P4 EE/HT/Multiprocessing
FiringSquad: What are your thoughts on Intel’s Pentium 4 Extreme Edition? Do you feel it was a knee-jerk reaction by Intel to Athlon 64 FX?
Henri Richard: I think that uh, [laughs] I think that imitation is a great form of flattery and it’s very clear that this is a part that they basically put together in a hurry to respond to Athlon FX and it’s very clear that it was not on their roadmap and I think we caught them by surprise and like usual when it’s a reaction that’s not planned you come out with a pretty unappealing solution and I think that’s the general consensus in the marketplace that the ugh, that product is not a great product.
FiringSquad: Intel’s Hyper-Threading technology has lots of promise, but very few applications support it directly. What is your take on this new feature?
Henri Richard: Well I believe that, you know again it’s a software issue here. I don’t recall [inaudible] 64-bit in Hyper-Threading, not that they’re exclusive to each other. But we’ve chosen the path of 64-bit and that’s the path we’re going to push. I also believe that, well I’m always concerned when marketing comes on top of you know some sort of feature and it confuses people.
I think that representing Hyper-Threading as buying two processors for the price of one is deceiving customers, and that’s not AMD’s strategy.

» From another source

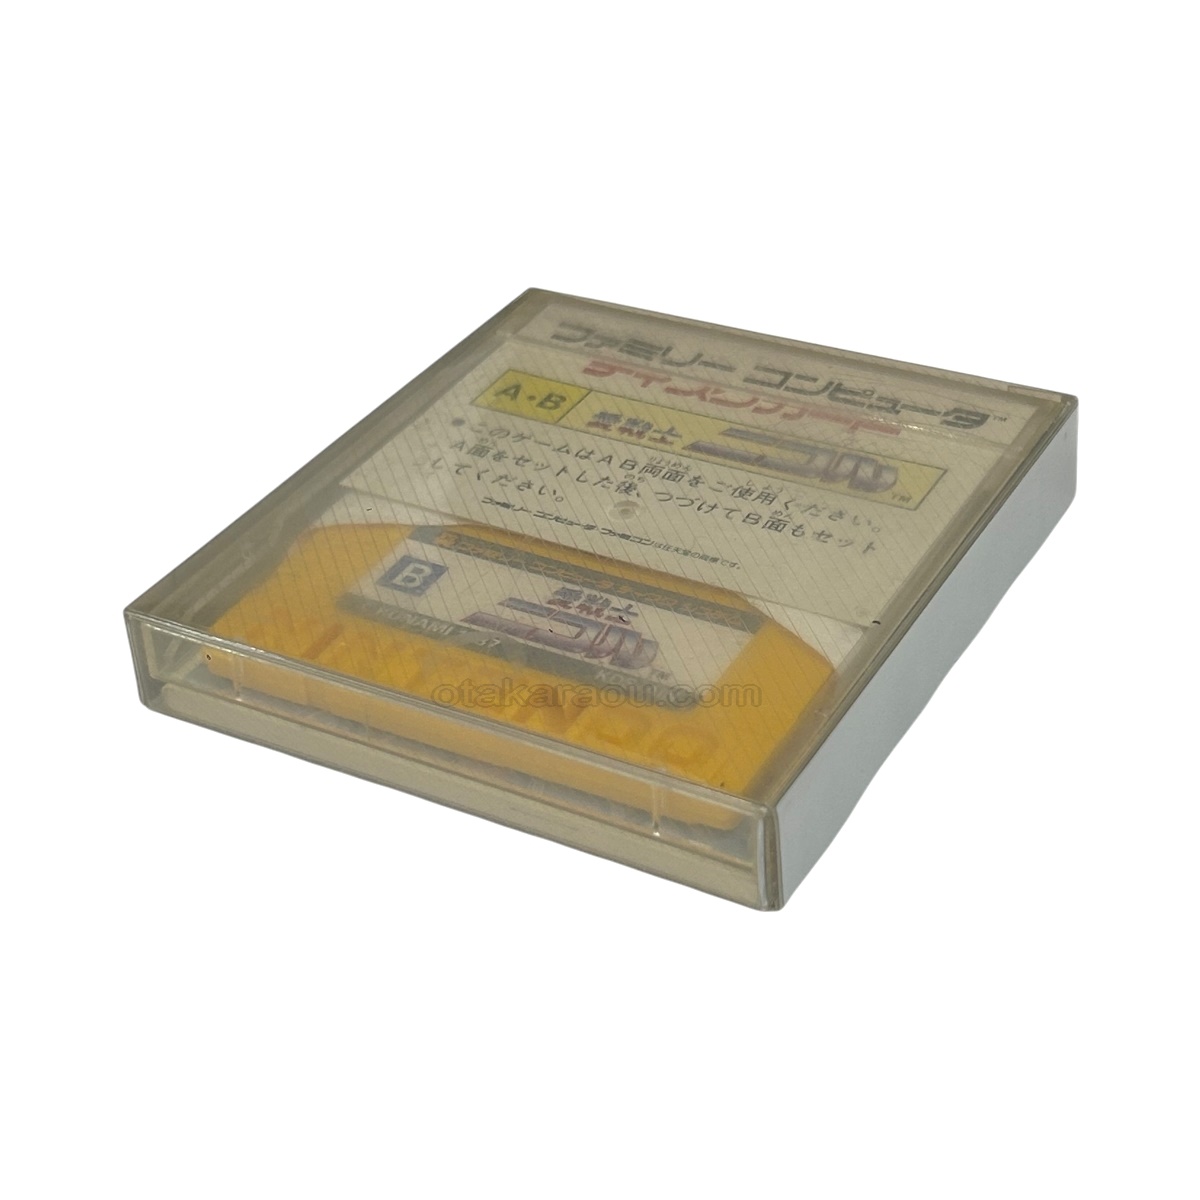 ファミコン ディスクシステムソフト 愛戦士ニコル・カードを販売 買取

I believe that the future of desktop computing will go with the future of server, which is multi-core processors. There you will have multiple core processors and when you say you have dual processors you really will have two processors and you’ll get much better scalability of performance than Hyper-Threading.
Now this being said, you know like any technology we’re looking at it, and it’s not that complex of a technology to implement. If customers, if the marketplace finally endorse that technology over multi-core processors then we’ll deliver what the customer wants us to do. But at this point in time I’m a believer that 64-bit on one side and multi-core CPUs are approachable relevant to the future of our industry more so than Hyper-Threading.
FiringSquad: So you acknowledge that AMD has looked into multi-core CPUs?
Henri Richard: Well, we’ve announced it, but I’m not telling you that tomorrow morning on the desktop that [we’ll have it] but we have stated clearly that we are working on multi-core CPUs on Opteron and as you know Opteron, the natural destination of Opteron ends up in the FX range. So it’s easy to assess that AMD will announce the official you know, Opteron multi-core product. Sometime down the line later you’ll find a multi-core desktop product because it’s the same core.